National Childhood Obesity Awareness Month is in September, and it is dedicated to educating children and their families on how to prevent childhood obesity. It provides numerous opportunities for families, schools, and communities to share information about their plans and events aimed at educating children on how to deal with health issues such as obesity. This month is also an excellent opportunity for parents to learn more about how they can help their children’s health. We are constantly challenged as parents, teachers, and caregivers of young children to find ways to prevent childhood obesity.
History of National Childhood Obesity Awareness Month
For good reason, childhood obesity has been dubbed “one of the most serious public health challenges of the twenty-first century.” Obesity puts a child at risk for a variety of medical issues later in life, including diabetes, high blood pressure, heart disease, stroke, cancer, and joint problems. The purpose of this holiday is to educate the nation on obesity and encourage people to join in efforts to help children overcome this disorder.
The Surgeon General’s office in the United States was established in 1870, but it wasn’t until the 1960s that childhood obesity became a priority. The Surgeon General issued a report in 1963 that linked smoking to lung cancer and heart disease. The report also identified obesity as a significant public health issue; however, it was overshadowed by smoking-related issues at the time.
It wasn’t until recently that there was a heightened awareness of childhood obesity. The first case of type-two diabetes in a child was reported in 1980. This was concerning because type-two diabetes was thought to be an adult-only illness. The Surgeon General issued a warning to Americans about the rise in childhood obesity in 2000. By 2006, over 25 research studies on childhood obesity had been conducted in an attempt to better understand and combat it.
National Childhood Obesity Awareness Month timeline
It is established to collect information about the causes of death and diseases in the U.S.

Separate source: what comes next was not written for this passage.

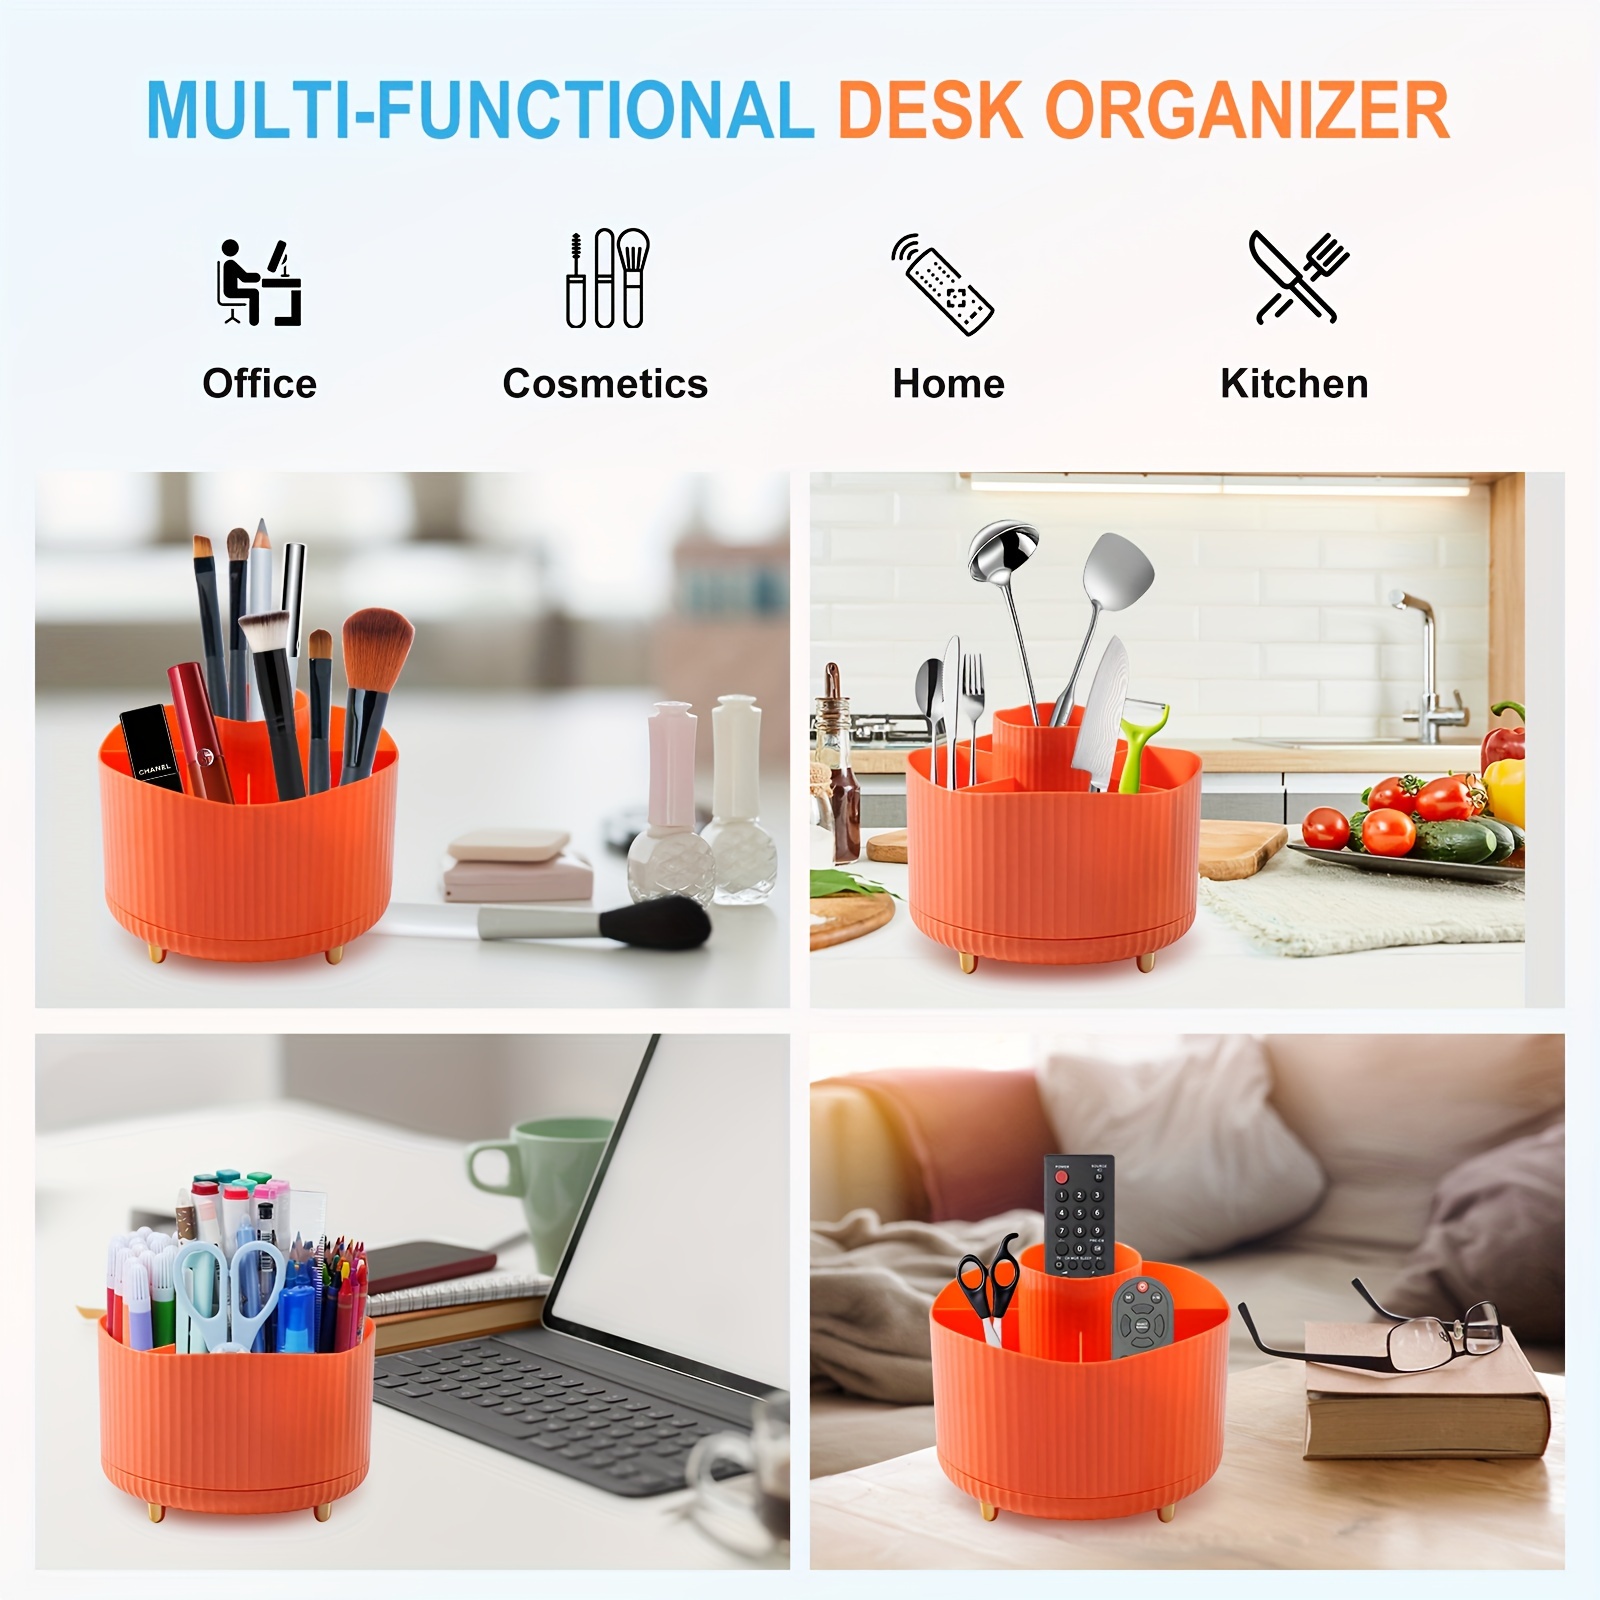 Marbrasse Desk Organizer, 360-Degree Rotating Pen Holder for Desk
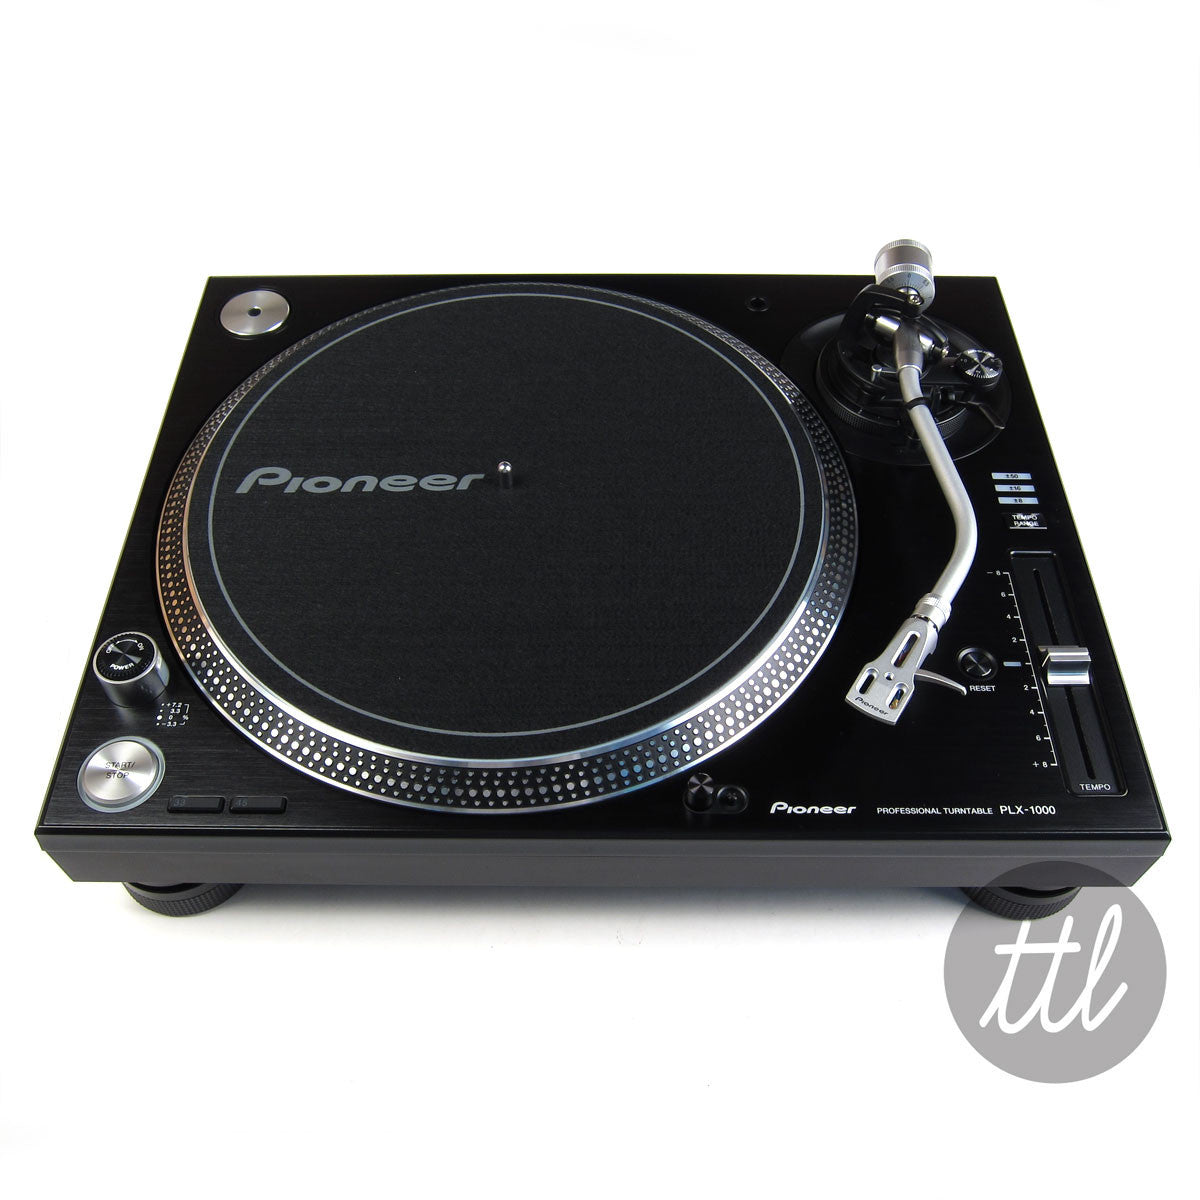 Pioneer DJ: PLX-1000 Professional DJ Turntable — TurntableLab.com

Childhood obesity is finally viewed as a serious issue.
The first case in a child occurs and it’s concerning because most people believe that this illness can only be contracted by adults.
Over 25 research studies are conducted on childhood obesity to find ways to better understand and combat it.
National Childhood Obesity Awareness Month FAQs
How does childhood obesity affect the economy?
The estimated costs of obesity-related illnesses in the United States, including childhood obesity, are $190.2 billion or nearly 21% of annual medical spending.
What roles should schools play in addressing childhood obesity?
Schools can help prevent obesity among students by offering healthy choices in the lunchroom, limiting the marketing and availability of sugary drinks, and making water available to students throughout the day.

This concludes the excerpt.